Kultivator itu mencibir saat menatap Wang Lin dan melambaikan tangannya. Seketika, gas hitam yang tak kasat mata bagi pandangan manusia biasa menyebar dan membentuk sebuah tengkorak raksasa di udara. Tengkorak itu bergerak ke arah Xu Tao untuk melahapnya. Kultivator ini rupanya sangat kejam karena ia turut menyertakan Wang Lin dalam serangannya.

Di matanya, meskipun Wang Lin hanyalah seorang manusia fana, karena Xu Tao melarikan diri ke tempat Wang Lin berada, hubungan mereka pastilah sangat dekat, jadi ia mungkin bisa membunuh mereka berdua sekaligus.

Mengenai masalah apa pun yang disebabkan oleh manusia fana, sang guru akan menyelesaikannya untuknya. Memikirkan hal itu, ekspresinya menjadi sangat kejam.

Wang Lin mengerutkan keningnya. Jika kultivator ini hanya mengincar Xu Tao, maka ia tidak akan bertindak. Meskipun Xu Tao selalu sangat menghormatinya selama bertahun-tahun ini, itu tidak cukup bagi Wang Lin untuk turun tangan.

Namun sekarang, kultivator Tahap Pendirian Yayasan yang tidak berarti ini berani melibatkannya dalam serangan. Ekspresi Wang Lin tetap biasa dan matanya tenang saat ia melambaikan tangannya seolah-olah sedang mengusir nyamuk.

Tiba-tiba, tengkorak itu tampak melihat sesuatu yang sangat mengerikan. Ia menjerit dan tidak lagi berani maju untuk melahap, melainkan memilih mundur.

Namun langkahnya masih selambat satu ketukan. Saat Wang Lin melambaikan tangannya, iblis Xu Liguo muncul dan melahap tengkorak tersebut. Ia mengunyah tengkorak itu dengan suara keras sebelum menelannya, lalu melotot tajam ke arah kultivator muda itu sebelum perlahan-lahan menghilang.

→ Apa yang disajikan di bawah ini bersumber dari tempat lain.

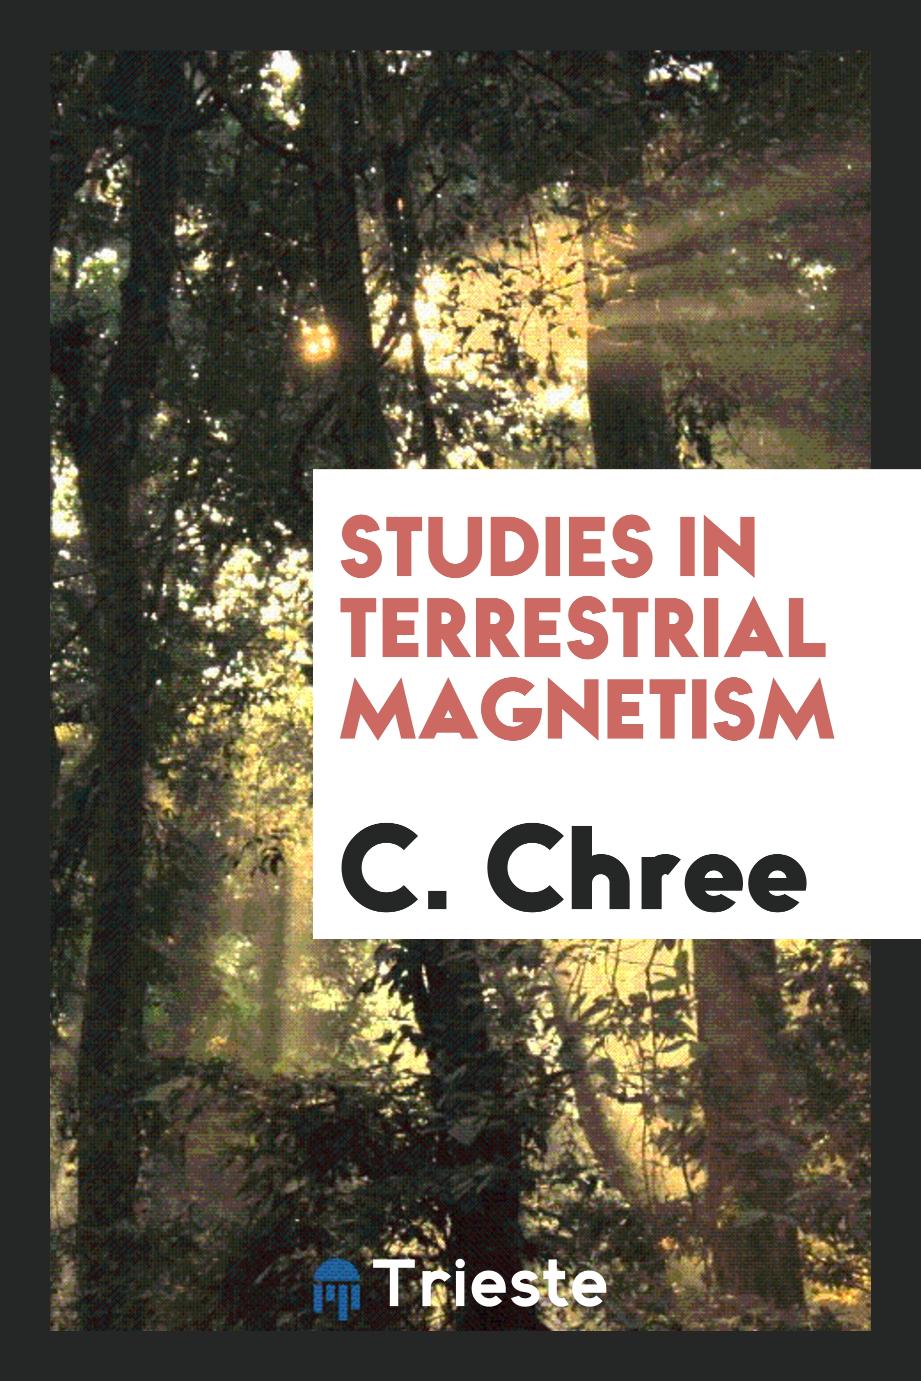 Studies in terrestrial magnetism

Wajah kultivator muda itu memerah dan ia memuntahkan seteguk darah. Ini terjadi karena ketika tengkorak itu dihancurkan, jiwanya mengalami kerusakan. Kemudian, tanpa berkata apa-apa, kultivator muda itu lari terbirit-birit karena ketakutan.

Wang Lin menatap dingin pada sosok yang sedang berlari menjauh itu. Ia tidak membunuhnya karena ia hampir menyelesaikan proses transformasinya menjadi manusia fana dan tidak ingin membuang tenaga untuk urusan sepele seperti ini.